Front page | perl.perl5.porters |
Postings from March 2007
Re: perl, the data, and the tf8 flag
Thread Previous
|
Thread Next
From:
Glenn Linderman
Date:
March 31, 2007 20:00
Subject:
Re: perl, the data, and the tf8 flag
Message ID:
460F2013.5040209@NevCal.com
On approximately 3/31/2007 6:44 PM, came the following characters from
the keyboard of Glenn Linderman:
> On approximately 3/31/2007 3:34 PM, came the following characters from
> the keyboard of Juerd Waalboer:
>> Glenn Linderman skribis 2007-03-31 14:35 (-0700):
>>
>>> Juerd says two, but describes 3 types of data.
>>>
>> Well observed! :)
>>
>
> :) Thought that would get your attention, if nothing else did!
>
> You sidestepped comment on what the range is for data stored in
> multi-bytes format, though... is it [0:2^30-1] or [0:2^32-1], or
> what? Anyone? Unicode implements [0:0x10ffff], but what does Perl
> support?
>
>> I invite you to read perlunitut and perlunifaq. You'll have to look for
>> them (e.g. Google) or get them from bleadperl.
>>
>
> I've read perlunifaq several times trying to figure things out. I
> read perlunitut yesterday, when it came up in this discussion.
>
> I found perlunifaq quite opaque the first several times I read it.

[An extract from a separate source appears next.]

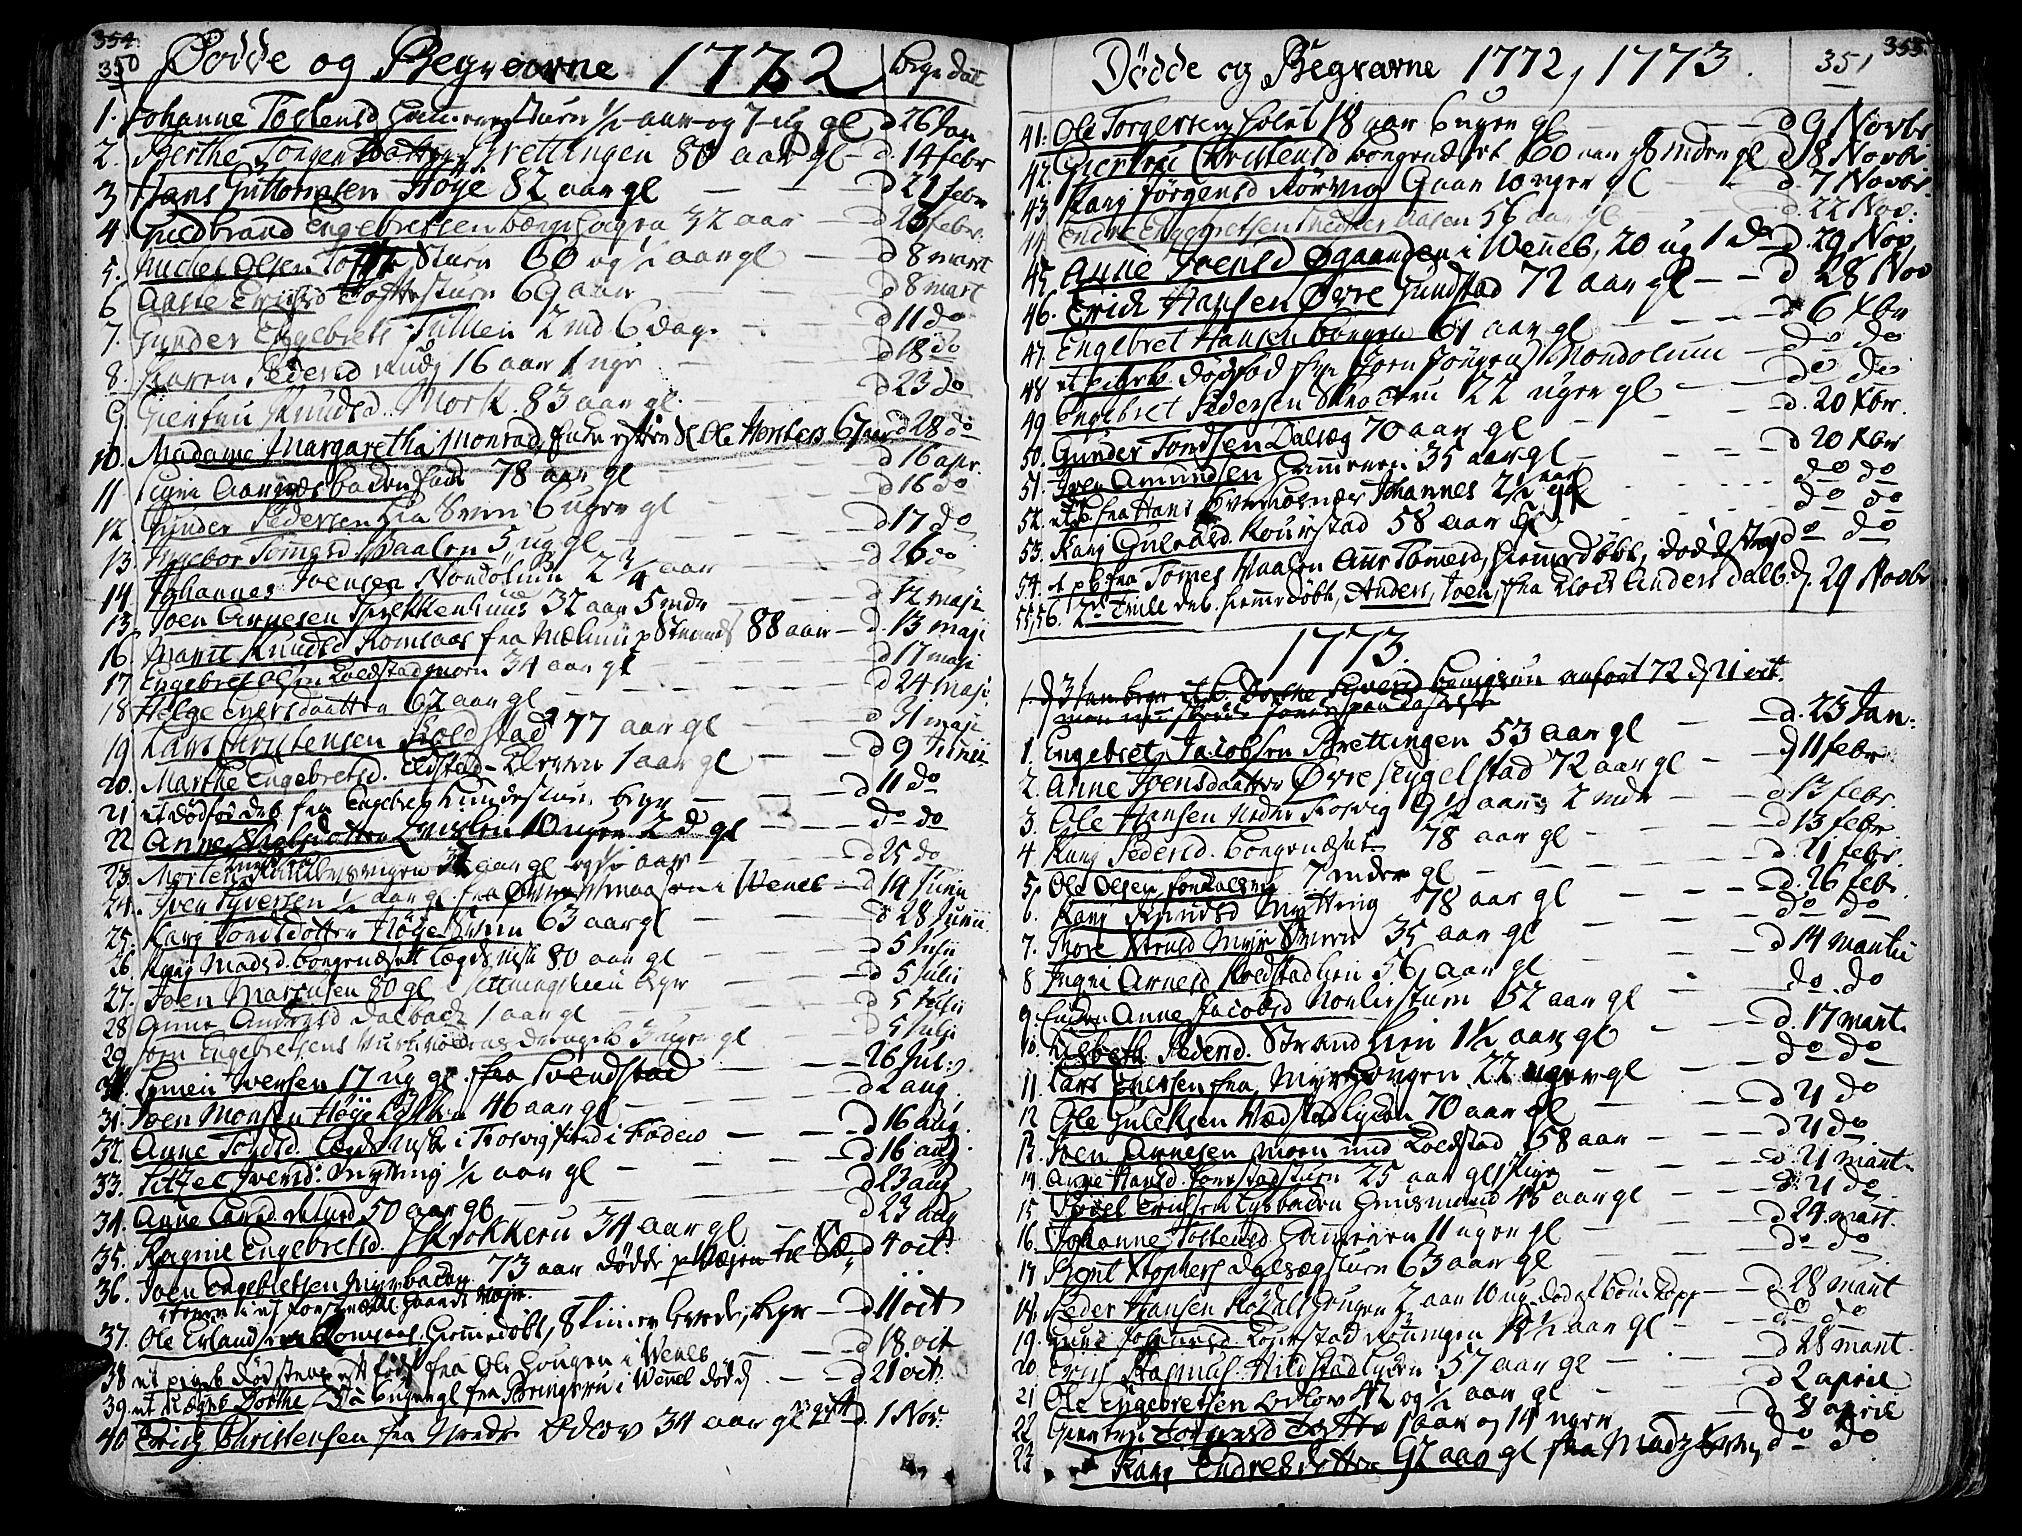 SAH, Ringebu prestekontor, Ministerialbok nr. 2, 1734-1780, s. 350-351

> perlunitut seems easier to follow, but didn't answer all my questions
> either.
>
>>> 1) What operations can safely be used on bytes stored in a string
>>> without causing implicit upgrades to multi-bytes?
>>>
>>
>> All operations are safe, except:
>>
>> 1. operations that add characters greater than 255
>> 2. joining text strings with byte strings (because
>> the text string may already internally be prepared for handling
>> characters greater than 255, and forces the byte string to be prepared
>> in a similar way, breaking its binaryness) and byte operations (because
>> they cannot handle characters greater than 255).
>>
>> If you read carefully, you'll notice that "1" is just a different way of
>> having "2", and come to the conclusion that there's only one simple, yet
>> important, guideline: keep binary and text separate, and only bridge
>> between the two by means of decoding and encoding.
>>
>
> Again, you say two, but describe 3.... :) Maybe that is a habit of
> yours?
>
> 1. operations that add characters greater than 255
> 2. joining text strings with byte strings
> 3. byte operations
>
>
>>> My perception from following all this discussion is that you can do
>>> any operation, as long as all the data involved is bytes data that
>>> has never been upgraded, except for decode, which always assumes a
>>> bytes parameter.
>>>
>>
>> Your perception is correct.
>>
>
> Thanks for the confirmation.
>
>
>>> 2) What operations create multi-bytes data?
>>>
>>
>> 1. operations that add characters greater than 255
>> 2. joining text strings with byte strings or byte operations, if the
>> text string is internally prepared for handling characters greater than
>> 255 ("is internally encoded as UTF8", "has the UTF8 flag set").
>>
>> This is, in essence, the same list as before :)
>>
>
> In essence.
>
>
>>> 3) What operations create bytes data?
>>>
>>
>> In general, everything that creates a new string value with only
>> characters in the 0..255 range, with the possible exception of
>> operations that are designed to create text strings only (like decode).
>>
>> Some examples:
>>
>> "\xdf\xff\xa0\x00\xa1" # binary (but can be used as text)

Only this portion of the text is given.